Third, the disc (protruded) intervertebral disc intervertebral space limitations of the shift over. Shift disc tissue is still connected with the original disc tissue, the basal diameter greater than the Ministry of continuous shift beyond the intervertebral disc part.

IV, intervertebral disc prolapse (extruded) shift is greater than the diameter of the base disc tissue Ministry continuously, and move outside of the intervertebral space. Prolapse of the intervertebral disc ruptured intervertebral disc tissue is greater than the gap, and through this crack in the spinal canal.
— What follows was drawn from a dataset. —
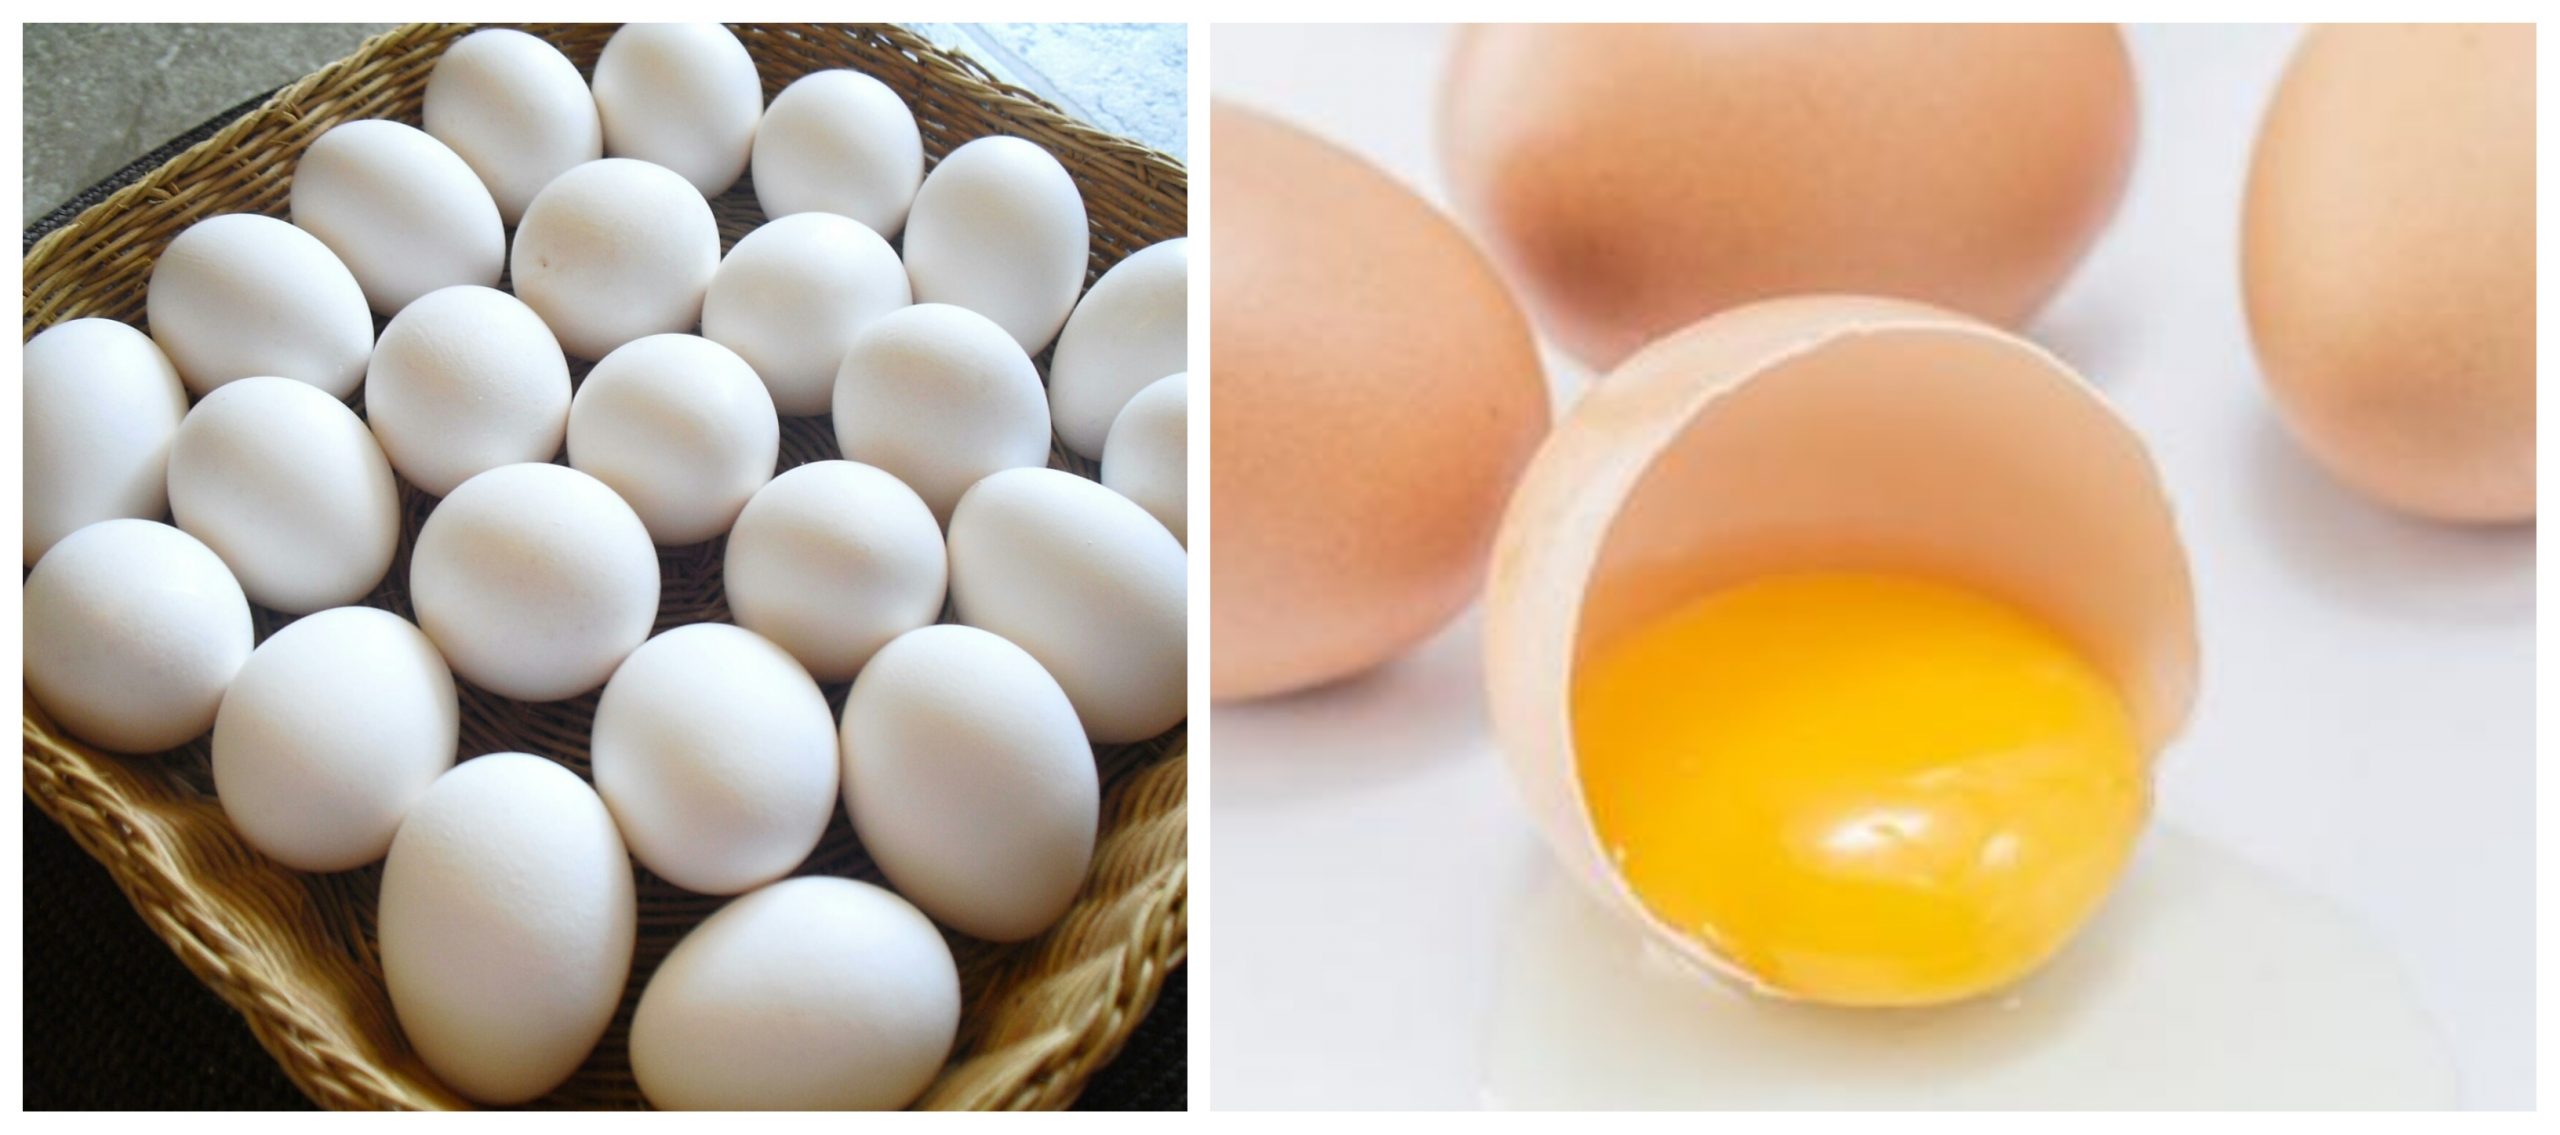 البيض يمدك بالعناصر الغذائية
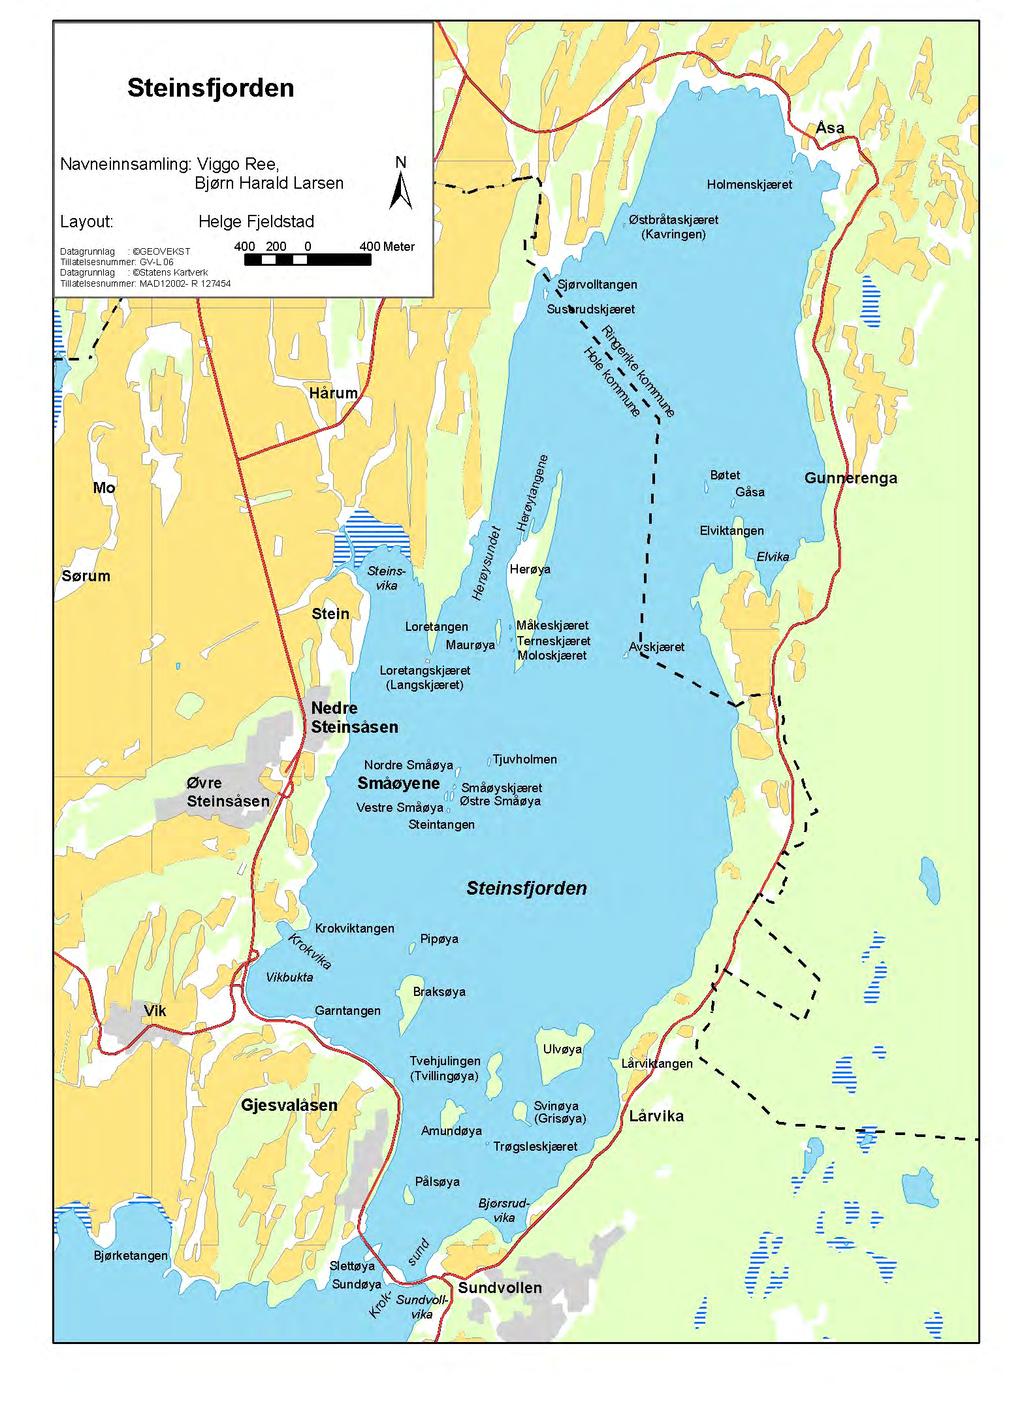 Figur 3. Steinsfjorden med navn på øyer og viker/bukter som er viktige hekkelokaliteter for vannfugl.

China also called on the lumbar disc herniation ruptured lumbar intervertebral disc disease, lumbar disc herniation, lumbar disc herniation between the cartilage, vertebral cartilage rupture psychosis title. Although the name and meaning of these diseases are different, the current title still unified as follows: lumbar disc herniation.

Categories

Disc is located between two adjacent vertebrae, internal and external, outside the two form, external to annulus, a ring arranged by the multi-fiber cartilage ring formed around the nucleus around the nucleus prevents the protruding , tough and elastic fibers; inside the nucleus, is a flexible rubbery material, the role of a moderating impact. Adults, degenerative disc changes, thicker fibers in the annulus, the occurrence of broken glass degeneration resulting in the final, so discs lose their flexibility, can not bear the pressure of the original commitment. In overuse, sudden changes in body position, and fiercely violent action or impact, the annulus can bulge outward, so the nucleus can be broken through the cracks protruding annulus, which is called the disc.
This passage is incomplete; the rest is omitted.